The model validation experiments using the CICIDS2018 dataset included data preprocessing and data dimensionality reduction, and the form of the operations remained consistent with CICIDS2017. The models for their comparison experiments include BLS, DT, NB, MLP, and CNN. To ensure the validity of the experiments, the data preprocessing is the same, and all the experiments are conducted in a consent environment. The evaluation metrics for the comparison experiment included accuracy, recall, false positive rate, and training time. The performance of different models under the binary classification task is shown in Table 9, and the performance under the multiple classification task is shown in Table 10.

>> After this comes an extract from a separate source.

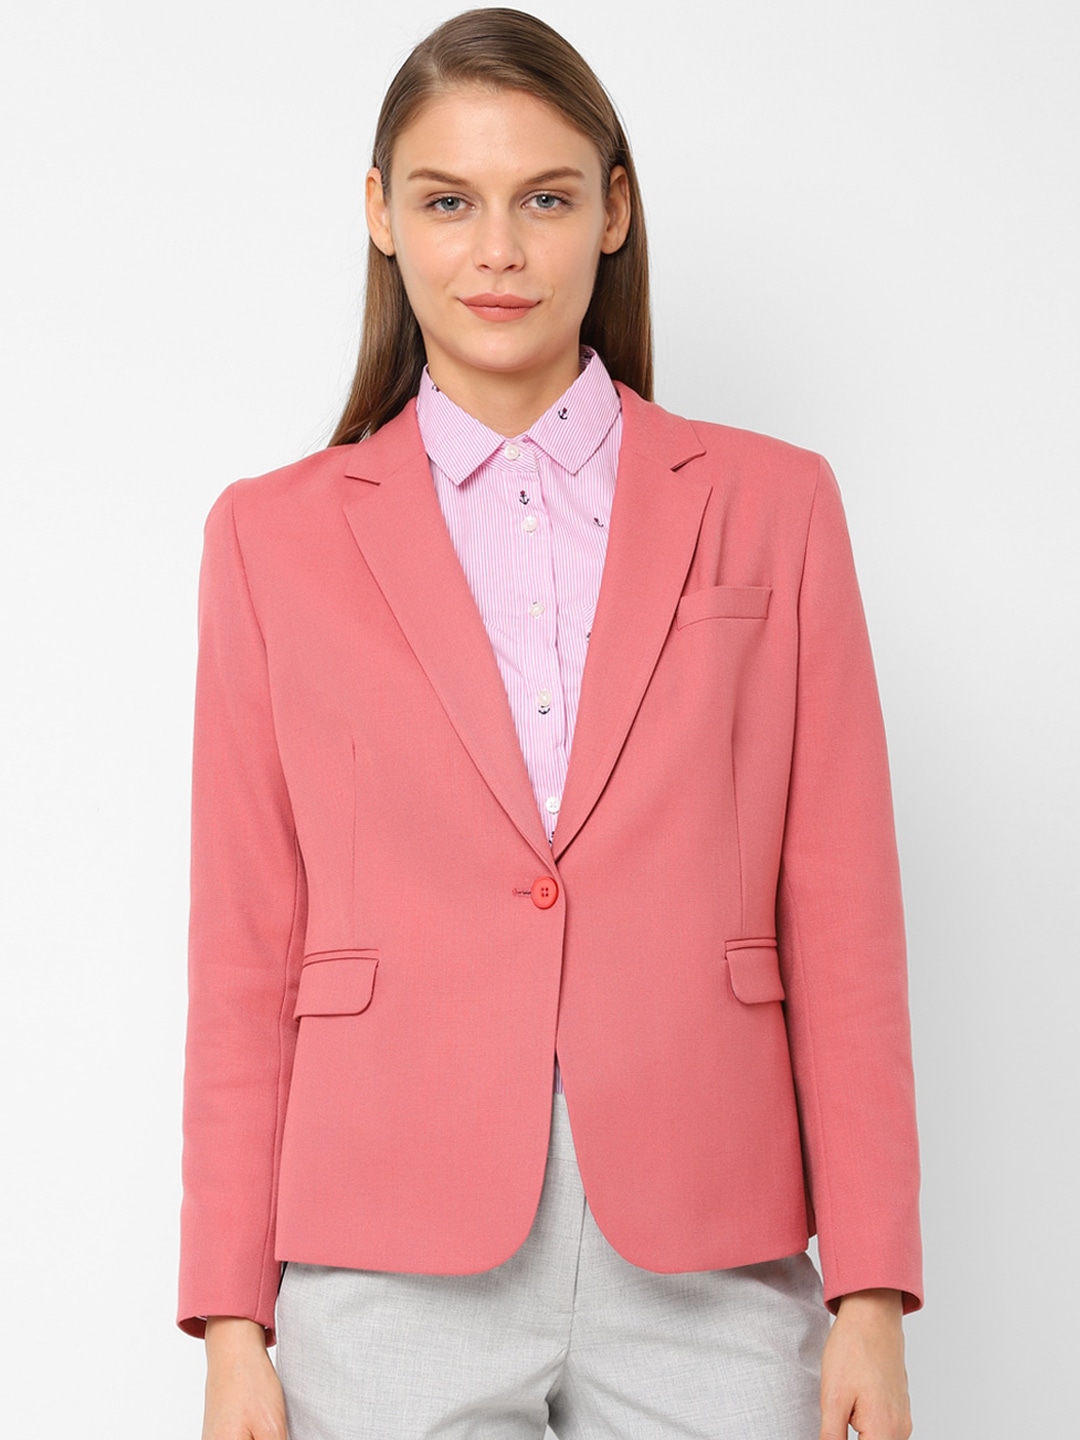 Clothing Blazers | Allen Solly Woman Women Pink Solid Blazer - GZ02990

The results show that our proposed model outperforms most other models in accuracy, recall, FPR and time cost under different classification tasks. For the binary classification task, compared to the traditional BLS structure, accuracy and recall are improved by 0.023 and 0.025, respectively, and the false alarm rate is decreased by 0.025. Compared to the traditional machine learning algorithms DT and NB, both of them have a significant improvement in the detection performance, while the false alarm rate is decreased significantly. For the deep learning algorithms MLP and CNN, the detection performance is improved and the model training time is reduced significantly. For the multi-classification task, the proposed model also maintains high detection performance and low model training time, and compared to the NB model, it has a significant advantage in detection performance, although the model training time is slightly improved. Compared with the CNN model, although the accuracy slightly decreases by 0.02, it is better than the CNN model in terms of recall, FPR, and model training time.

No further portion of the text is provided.